The mechanisms that give rise to these developmental increases in heritability remain poorly understood. Two possibilities are what can be termed innovation and amplification (Plomin, 1986; Plomin & DeFries, 1985). Innovation refers to the possibility that increasing heritability results from novel genetic influences that were not present at previous time points. Innovation might arise because novel biological changes (e.g., hormonal changes associated with puberty) or environmental changes (e.g., the transition from the home to grade school) lead to the activation of genes. Compounded with previously active genetic variation, this newly active genetic variation can lead to an increase in heritability. Amplification refers to the possibility that early genetic influences on cognition become increasingly important with age. For example, transactional processes in which children select and evoke environments on the basis of small, genetically influenced differences in ability may, in turn, magnify those differences (Dickens & Flynn, 2001). Of course, decay processes may also operate, such that early genetic influences may not persist at full strength over time.

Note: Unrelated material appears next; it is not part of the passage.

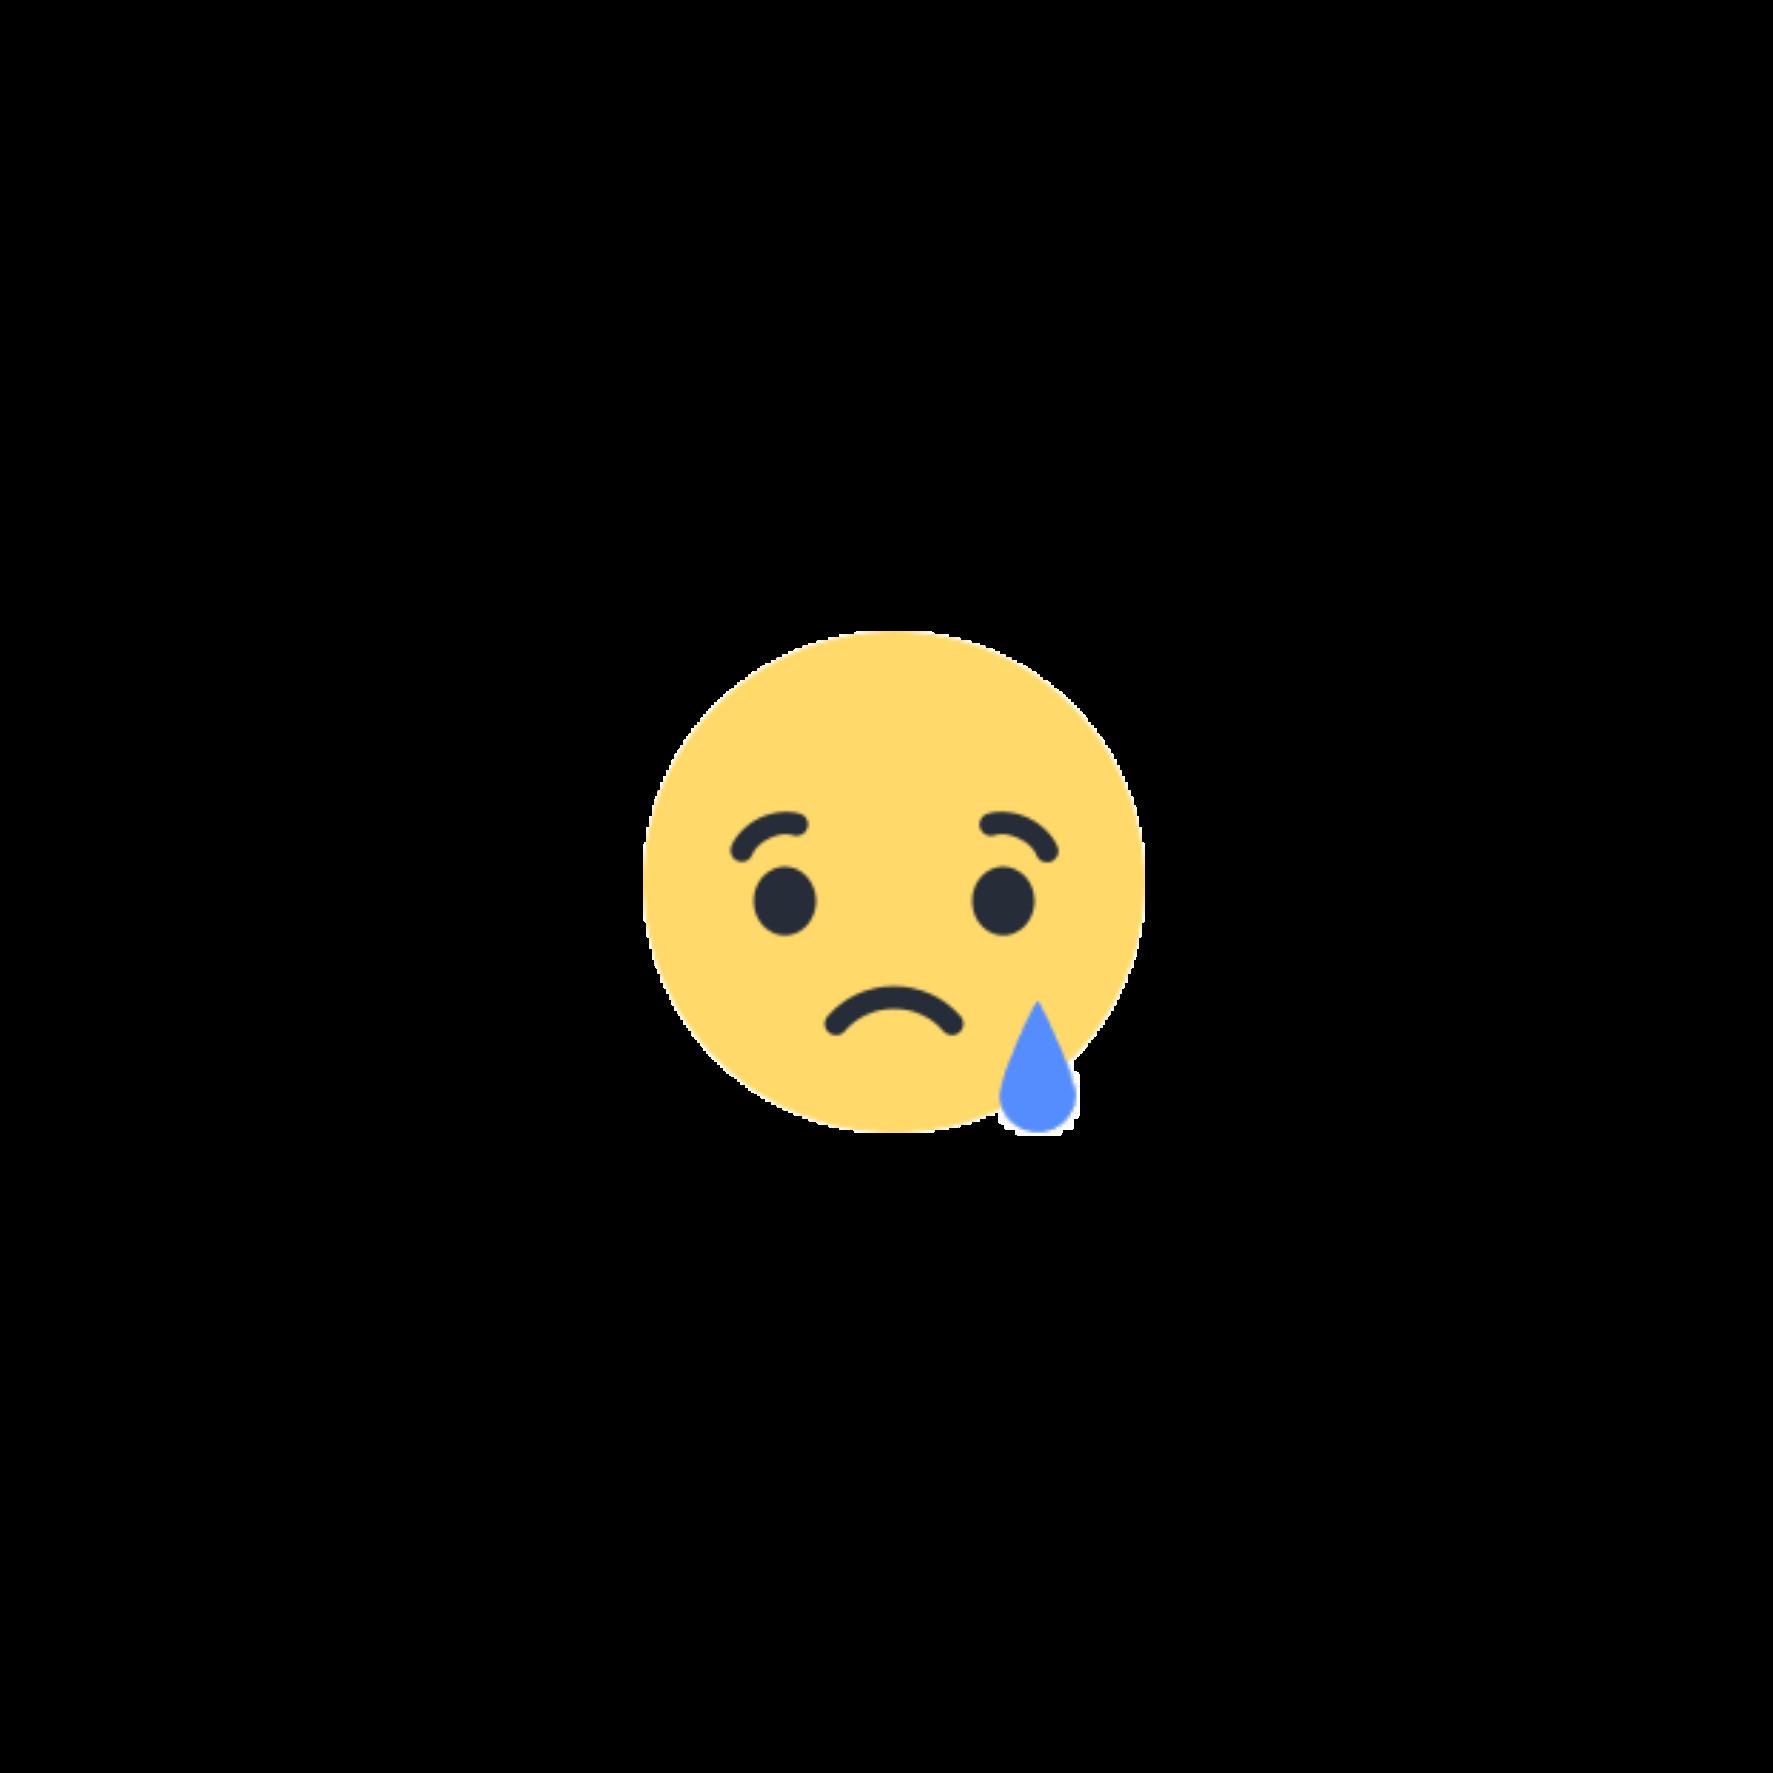 sad emoticon on facebook - HD1773×1773

It is necessary to combine behavioral genetic and developmental methodologies to distinguish between innovation and amplification processes as the basis for increasing heritability. The classic twin model decomposes variation in cognitive test scores into proportions accounted for by genes (A); the shared environment (C), which operates at the family level and serves to make children living in the same household more similar; and the nonshared environment (E), which operates at the individual level and serves to differentiate children living in the same household. This analysis hinges on whether more genetically similar siblings are also more similar in their level of cognitive ability (Neale & Cardon, 1992). Longitudinal designs allow variation in an outcome to be partitioned into that which is shared with an earlier time point and that which is unique to a later time point. Longitudinal behavioral genetic models allow the variance in intelligence at each time point as well as the stable variance between time points to be decomposed into that due to A, C, and E. The increase in heritability of cognition can be understood in terms of the net effects of increases attributable to amplification (or decreases due to decay) of previously active genetic influences and those attributable to innovative, not previously active, genetic influences.

Goal of the Present Study

Our goal in the present study was to examine how genetic and environmental influences on cognition change over time by conducting a meta-analysis of data from longitudinal twin and adoption studies of cognitive ability in children aged 6 months to 18 years. First, we sought to replicate the trend of increasing heritability using only longitudinal data, which avoids validity threats associated with cross-sectional approaches (e.g., cohort effects; Baltes, 1968; Flynn, 1987). For example, if a study tested children at age 5 years and again at age 10 years, we examined the change accounted for by genetic and environmental factors over the 5-year interval, controlling for the age of assessment. Second, to explain these developmental changes, we examined age trends in amplification and innovation, controlling for the time interval between measurements.

Method

We searched abstracts in the American Psychological Association's PsycINFO database (http://www.apa.org/pubs/databases/psycinfo/index.aspx) using combinations of terms from three categories: genetics (twin, genetic, adoption, adopted, adoptee), longitudinal (longitudinal, aging, stability), and cognition (intelligence, cognition, cognitive, ability). We included studies with the following characteristics: The samples of siblings had varying degrees of genetic relatedness, there was enough information to derive complete across-time and within-time sibling correlations, the same ability was measured on two or more occasions using objective cognition/intelligence tests, and participants were age 18 years or younger at baseline and at least one follow-up occasion. Full information concerning our search process, the articles included, study composition, data extraction, and variables analyzed can be found in the Supplemental Material available online. We identified effect sizes from 16 articles and 11 unique samples containing longitudinal information from 4,047 monozygotic twin, 7,169 dizygotic twin, 141 adoptive sibling, and 143 nonadoptive sibling pairs. All studies used a reared-together design. For each longitudinally measured cognitive outcome from each study, we compiled within- and across-time sibling correlations, separately by sibling type.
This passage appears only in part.